Dark matter halos and transonic accretion flow
Avijit Chowdhury, Gargi Sen, Sayan Chakrabarti, Santabrata Das
TL;DR
This work investigates how surrounding dark matter halos, including central density spikes, modify the spacetime and influence hot, radiatively inefficient accretion onto galactic supermassive black holes. It models the environment with an anisotropic DM stress-energy tensor using the Einstein-cluster framework and solves for $f(r)$ and $m(r)$ across DM profiles, enforcing a scale hierarchy $M_{BH} ≤ M_{halo} ≤ a_0$. For steady, axisymmetric transonic flows with a variable adiabatic index $Γ$, it identifies a critical point at $r_c$ and shows the DM halo shifts $r_c$ inward and elevates the disk temperature, boosting luminosity.

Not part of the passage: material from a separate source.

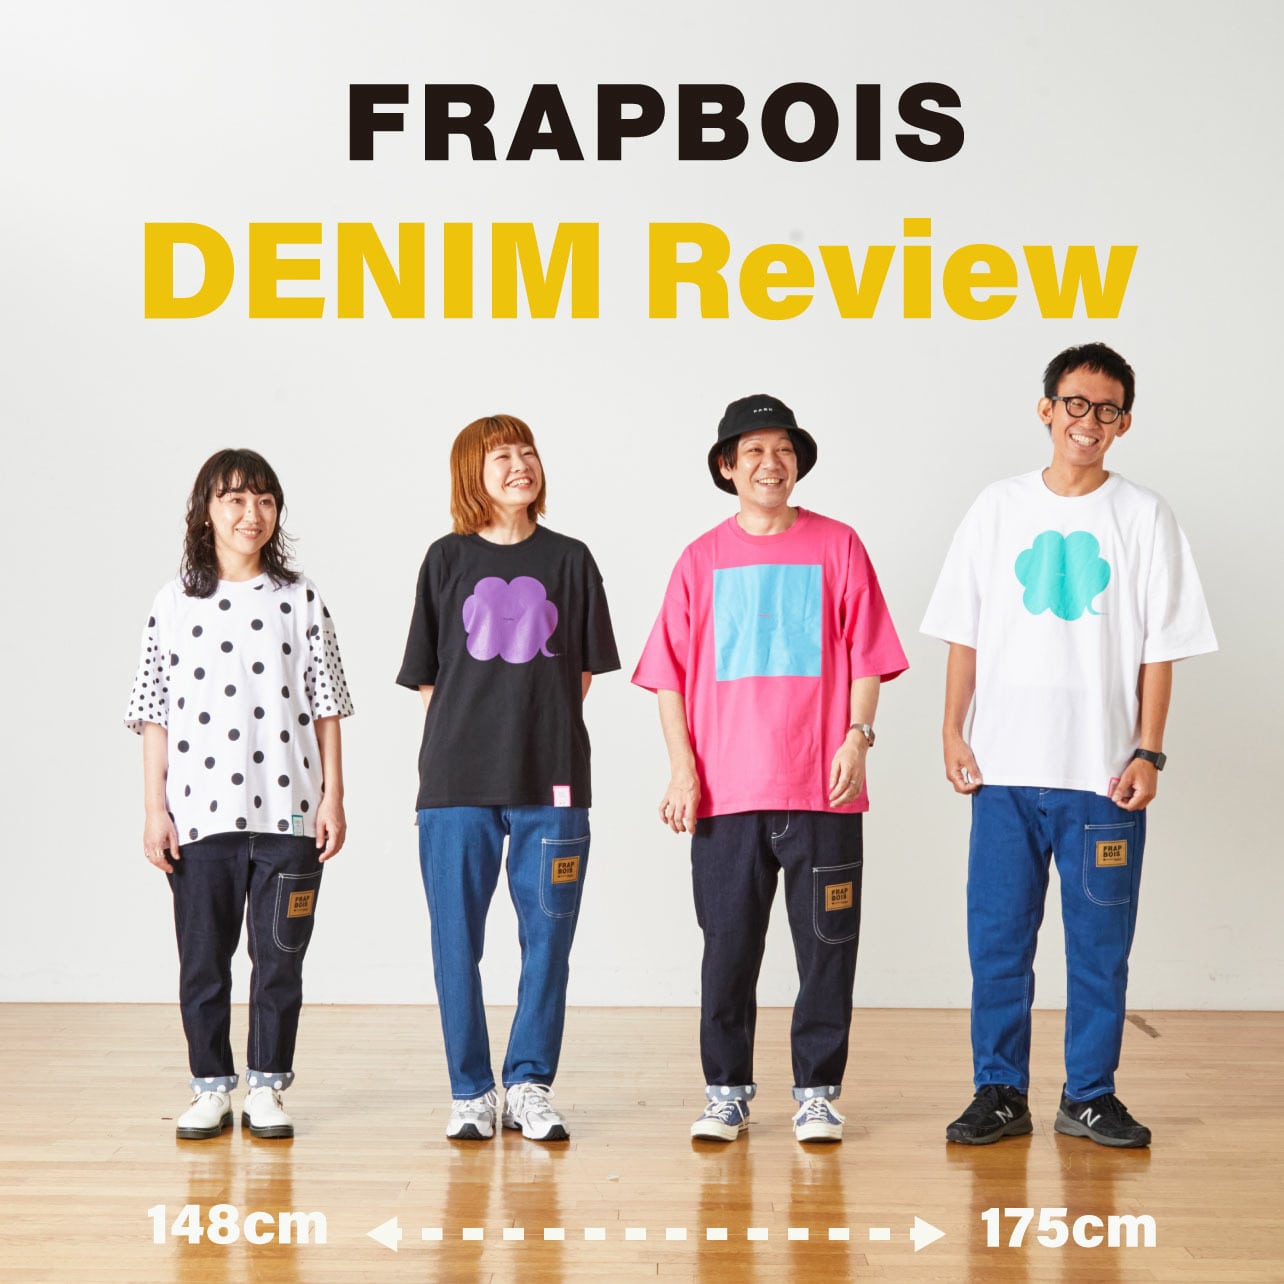 FRAPBOIS DENIM Review

Predicted spectral energy distributions and bolometric luminosities exhibit substantial enhancement relative to a pure Schwarzschild case, scaling with halo mass $M_{halo}$ and compactness $M_{halo}/a_0$, offering an observational avenue to probe dense DM near galactic centers and its role in SMBH–galaxy coevolution.
Abstract
The interplay between supermassive black holes (SMBHs) and their surrounding environment is fundamental to understanding galactic evolution. This work investigates the influence of a cold dark matter (DM) halo on the dynamics of relativistic, low angular momentum, inviscid, and advective hot accretion flow onto a galactic SMBH. Modeling the spacetime geometry as a black hole embedded within various DM distributions, including those with a central density spike, we demonstrate that the presence of a DM halo, particularly one that is massive and compact, enhances the luminosity of the accretion disk. The dominant contribution to this luminosity originates from the inner regions of the flow, suggesting that luminosity measurements could serve as a valuable observational probe for the dense DM environments expected near galactic centers.